8-K

 

 

UNITED STATES

SECURITIES AND EXCHANGE COMMISSION

Washington, D.C. 20549

 

 

FORM 8-K

 

 

CURRENT REPORT

Pursuant to Section 13 or 15(d)

of the Securities Exchange Act of 1934

Date of Report (Date of earliest event reported): December 23, 2013

 

 

GANNETT CO., INC.

(Exact name of registrant as specified in its charter)

 

 

 

Delaware   001-6961   16-0442930

(State or other jurisdiction

of incorporation)

 

(Commission

File Number)

 

(IRS Employer

Identification No.)

7950 Jones Branch Drive, McLean, Virginia 22107-0910

(Address of Principal Executive Offices) (Zip Code)

Registrant’s telephone number, including area code: (703) 854-6000

Not Applicable

(Former name or former address, if changed since last report)

 

 

Check the appropriate box below if the Form 8-K filing is intended to simultaneously satisfy the filing obligation of the registrant under any of the following provisions (see General Instruction A.2. below):

 

¨ Written communications pursuant to Rule 425 under the Securities Act (17 CFR 230.425)

 

¨ Soliciting material pursuant to Rule 14a-12 under the Exchange Act (17 CFR 240.14a-12)

 

¨ Pre-commencement communications pursuant to Rule 14d-2(b) under the Exchange Act (17 CFR 240.14d-2(b))

 

¨ Pre-commencement communications pursuant to Rule 13e-4(c) under the Exchange Act (17 CFR 240.13e-4(c))

 

 

 


Item 8.01 Other Events

On December 23, 2013, Gannett Co., Inc. (“Gannett”) and Sander Media LLC, a third party operator that acquired broadcast stations in certain markets where Gannett and Belo Corp. (“Belo”) overlap, announced that Gannett has entered into an agreement for the sale of KMOV-TV in St. Louis, Missouri, to Meredith Corporation (“Meredith”). The transaction, upon government approval, will satisfy Gannett’s and Belo’s obligations under the previously announced proposed consent decree with the U.S. Department of Justice.

Under a separate agreement, KTVK-TV and KASW-TV in Phoenix, Arizona, will be sold to Meredith or its qualified assignee, SagamoreHill of Phoenix, LLC.

The three stations will be sold for a total of $407.5 million in cash, subject to adjustment for working capital, and the transactions are contingent upon regulatory approvals and customary closing conditions.

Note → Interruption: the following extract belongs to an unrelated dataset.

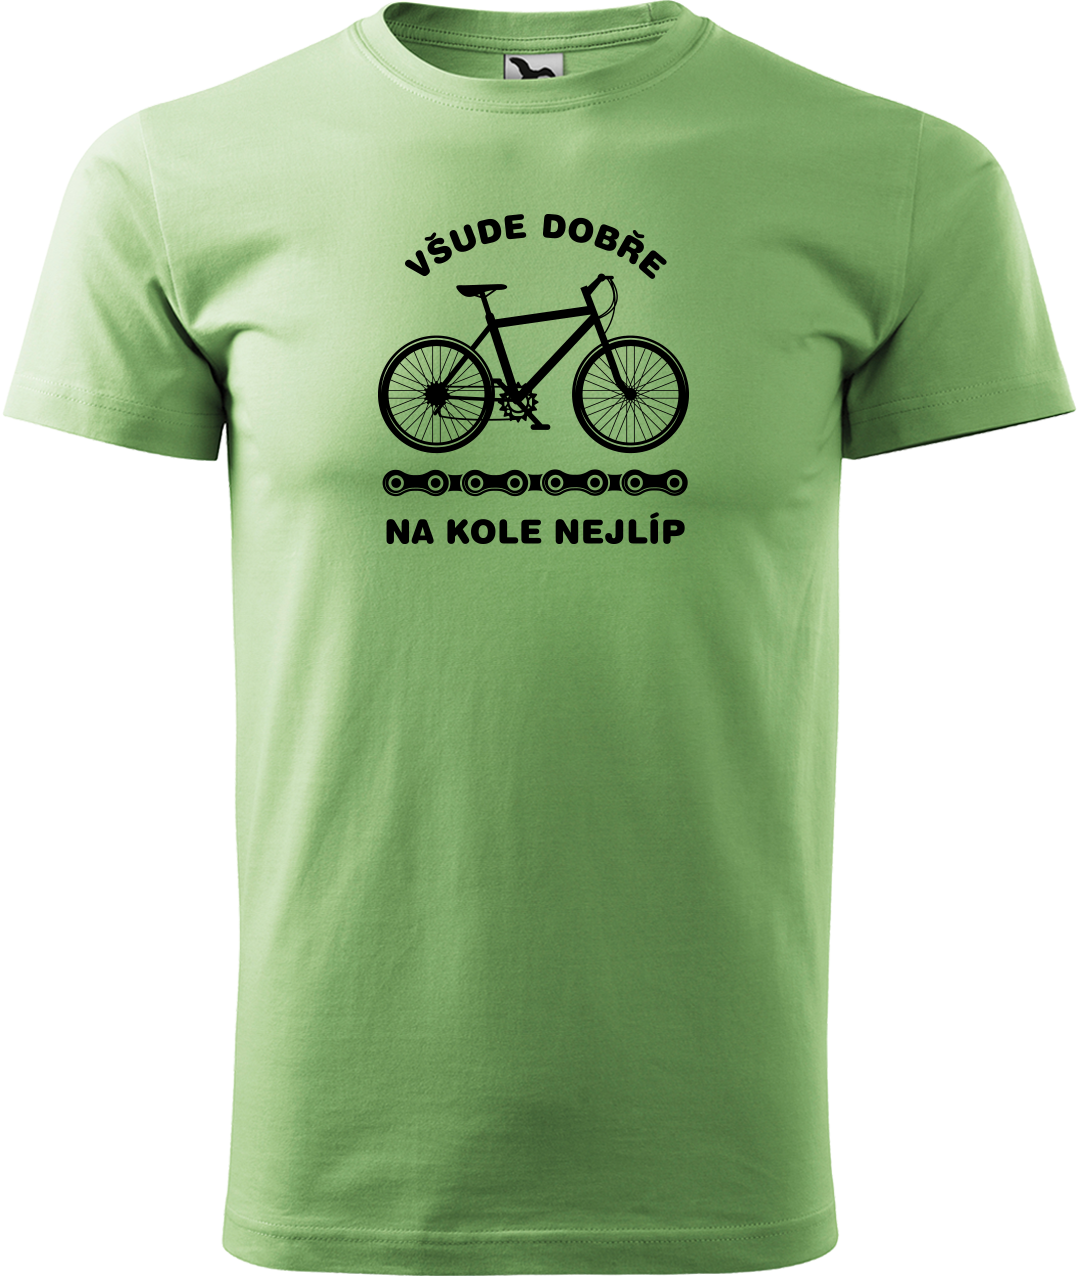 Pánské tričko s kolem - Všude dobře, na kole nejlíp Velikost: M, Barva: Trávově zelená (39)

A copy of the press release announcing the agreements is filed as an exhibit to this Form 8-K.

 

Item 9.01 Financial Statements and Exhibits

The following exhibits are filed or furnished, as appropriate, as part of this Current Report on Form 8-K:

 

Exhibit No.

  

Description

99.1    News Release of Gannett Co., Inc. dated December 23, 2013 (filed herewith).


SIGNATURES

Pursuant to the requirements of the Securities Exchange Act of 1934, the registrant has duly caused this report to be signed on its behalf by the undersigned hereunto duly authorized.

 

Date: December 23, 2013     GANNETT CO., INC.
    By:  

/s/ Todd A. Mayman

    Name:   Todd A. Mayman
    Title:   Vice President, General Counsel and Secretary


INDEX TO EXHIBITS

 

Exhibit No.

  

Description

99.1    News Release of Gannett Co., Inc. dated December 23, 2013.